- Information provided:
========
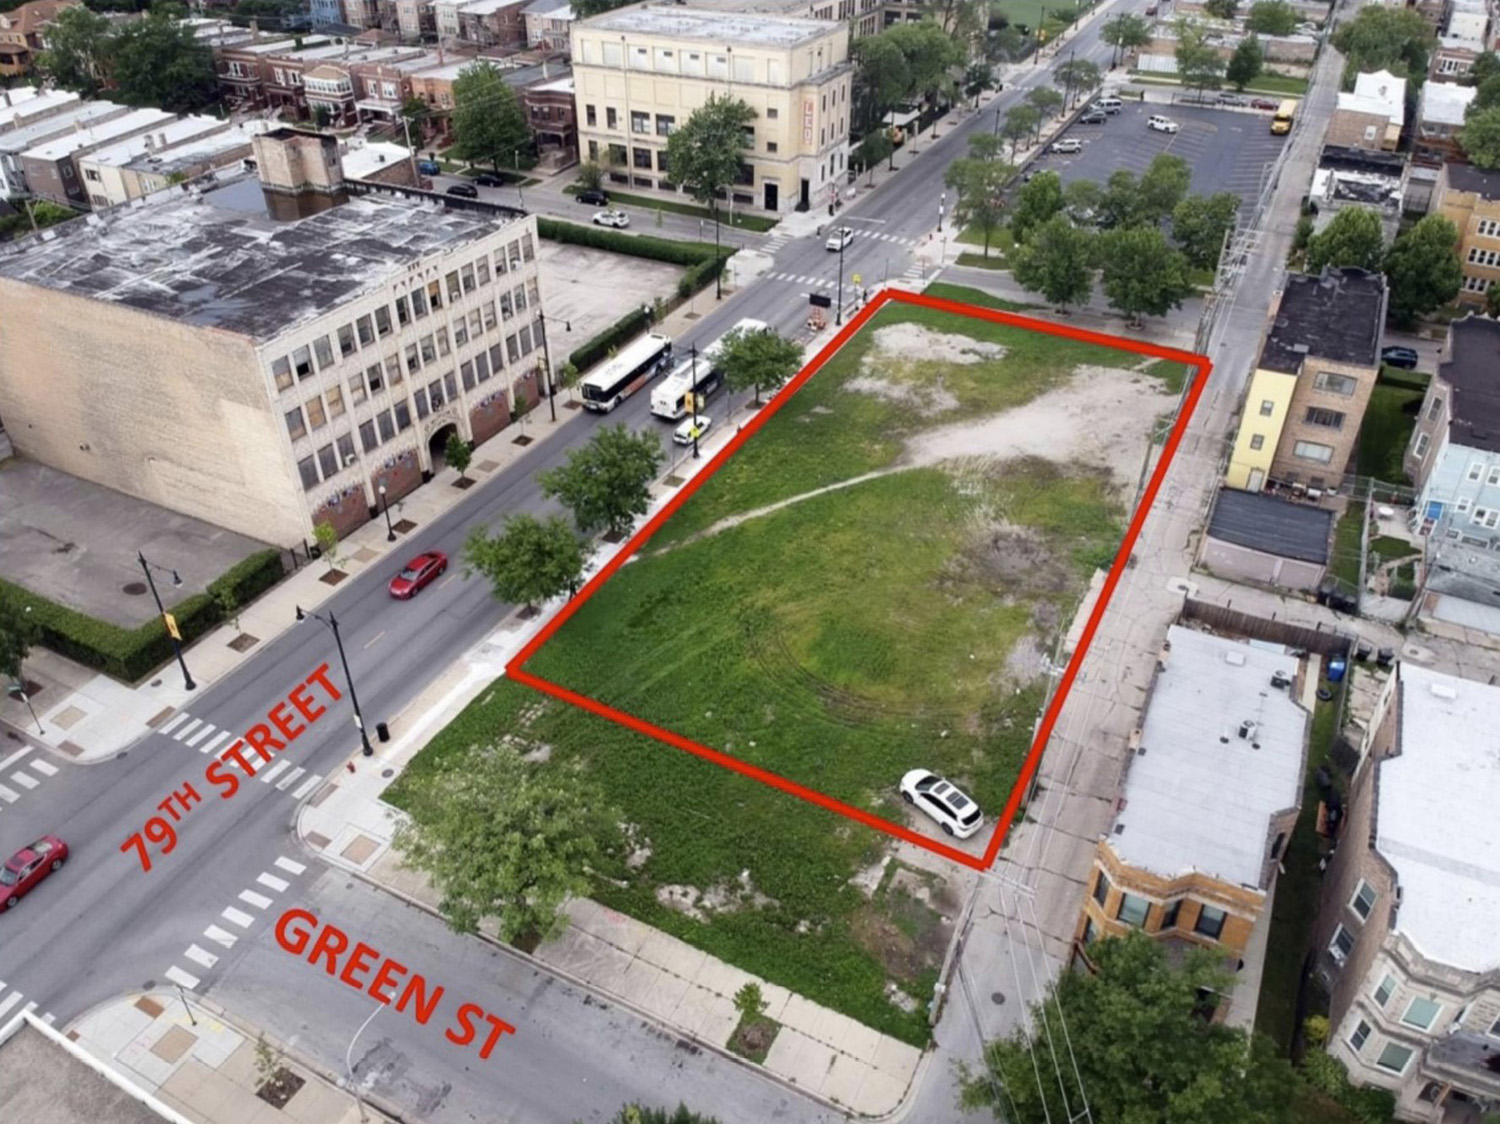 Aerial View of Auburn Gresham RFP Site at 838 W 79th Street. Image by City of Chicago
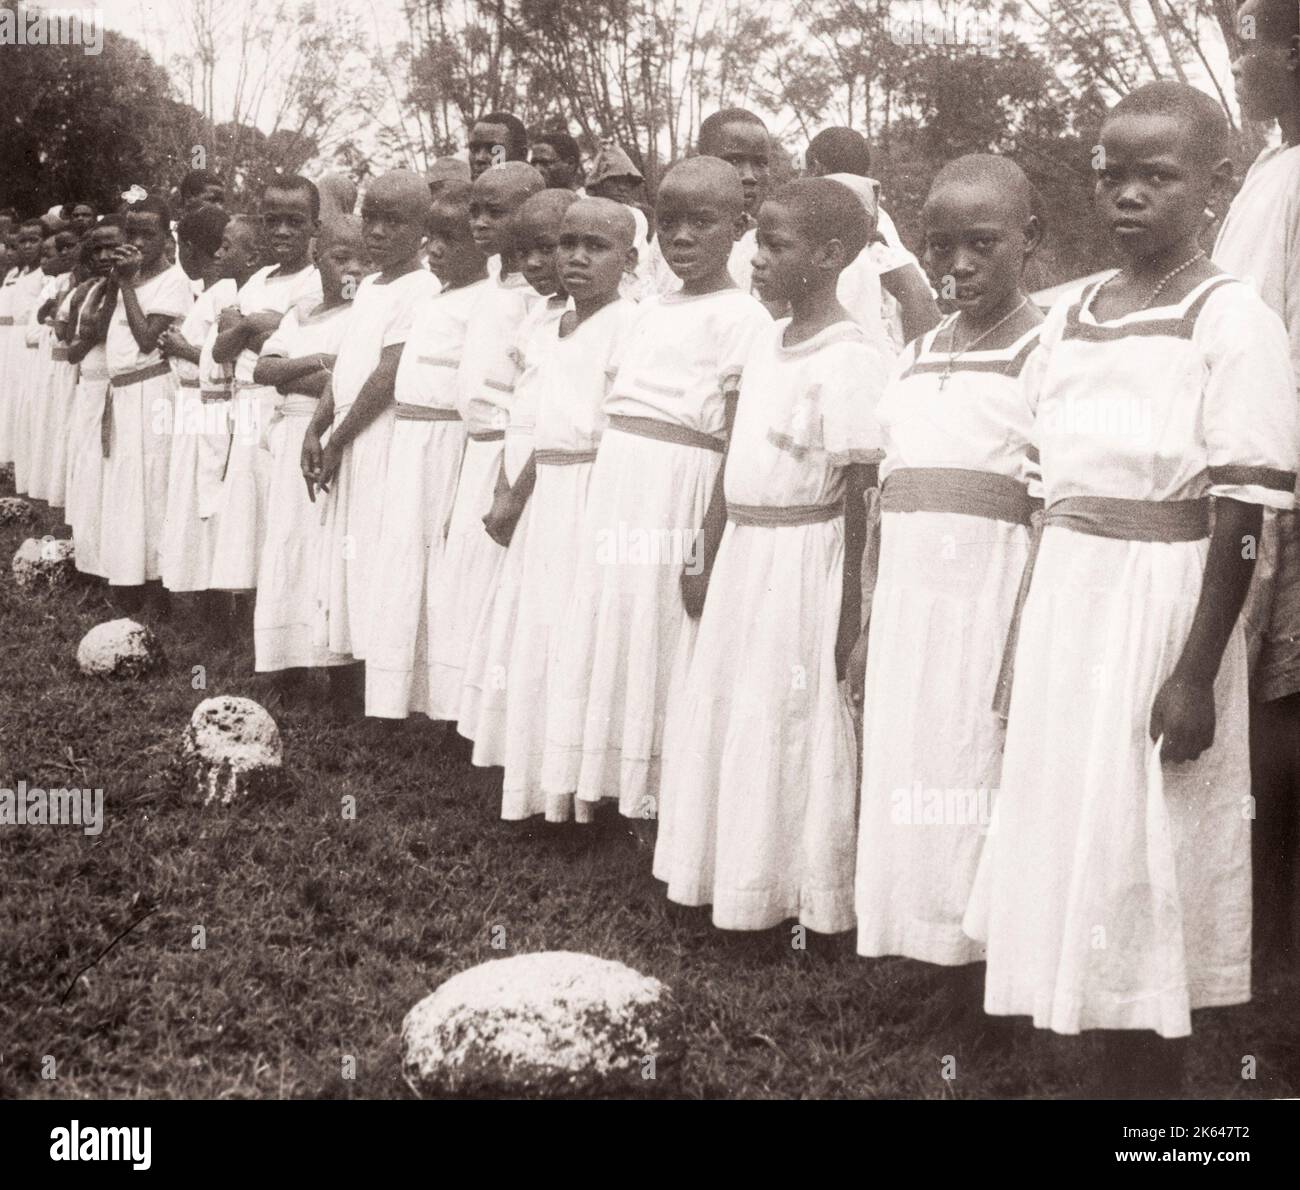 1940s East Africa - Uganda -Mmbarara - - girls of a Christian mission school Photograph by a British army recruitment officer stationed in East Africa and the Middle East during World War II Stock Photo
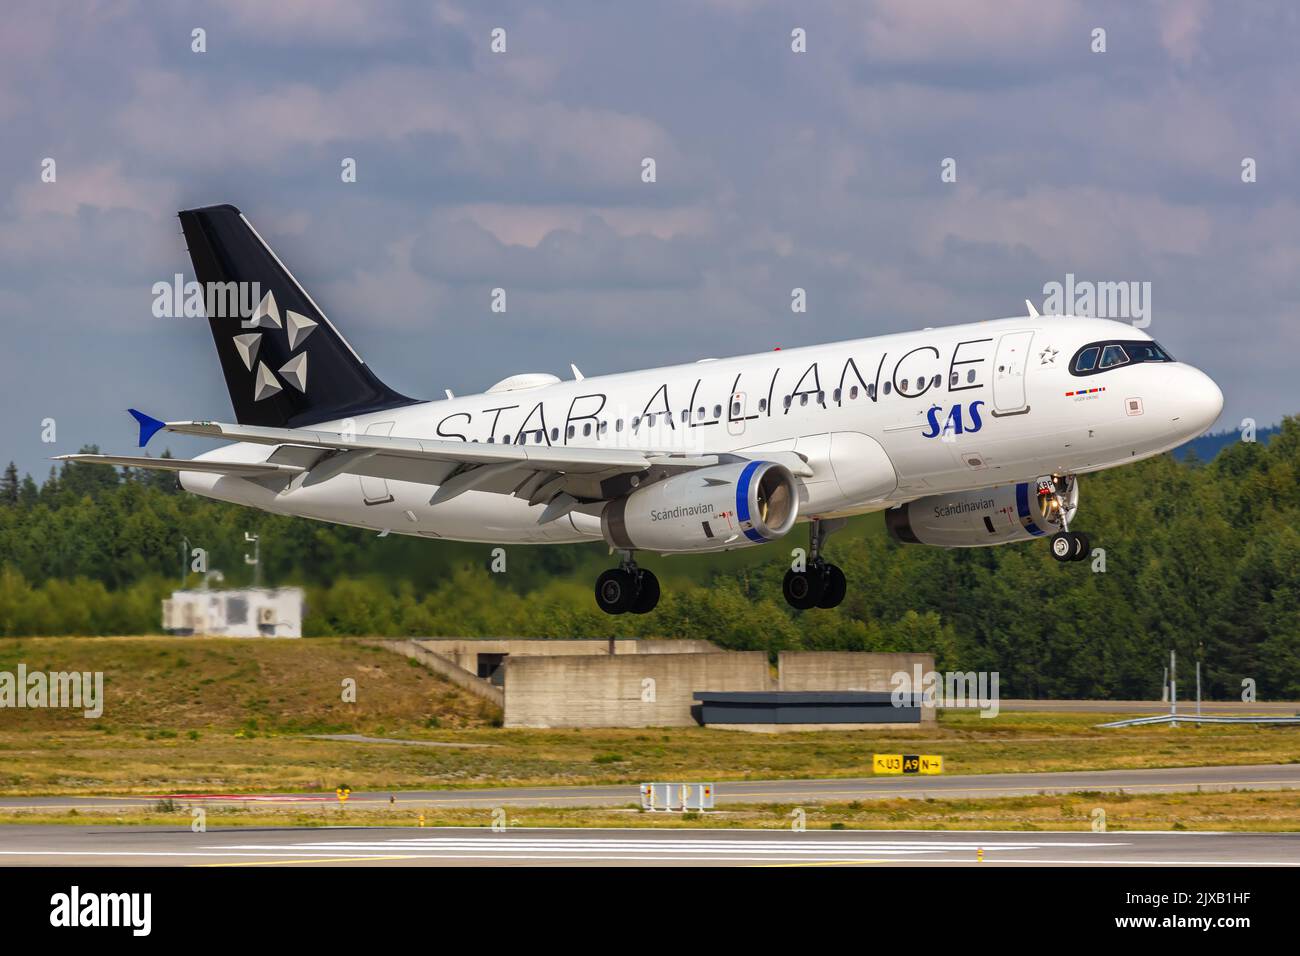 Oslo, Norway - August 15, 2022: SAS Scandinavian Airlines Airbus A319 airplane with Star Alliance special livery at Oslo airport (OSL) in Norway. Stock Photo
========
- Aim of the task:
Copy the listing exactly. Leave the pictures out.

- Response for this exercise:
 Aerial View of Auburn Gresham RFP Site at 838 W 79th Street. Image by City of Chicago
 1940s East Africa - Uganda -Mmbarara - - girls of a Christian mission school Photograph by a British army recruitment officer stationed in East Africa and the Middle East during World War II Stock Photo
 Oslo, Norway - August 15, 2022: SAS Scandinavian Airlines Airbus A319 airplane with Star Alliance special livery at Oslo airport (OSL) in Norway. Stock Photo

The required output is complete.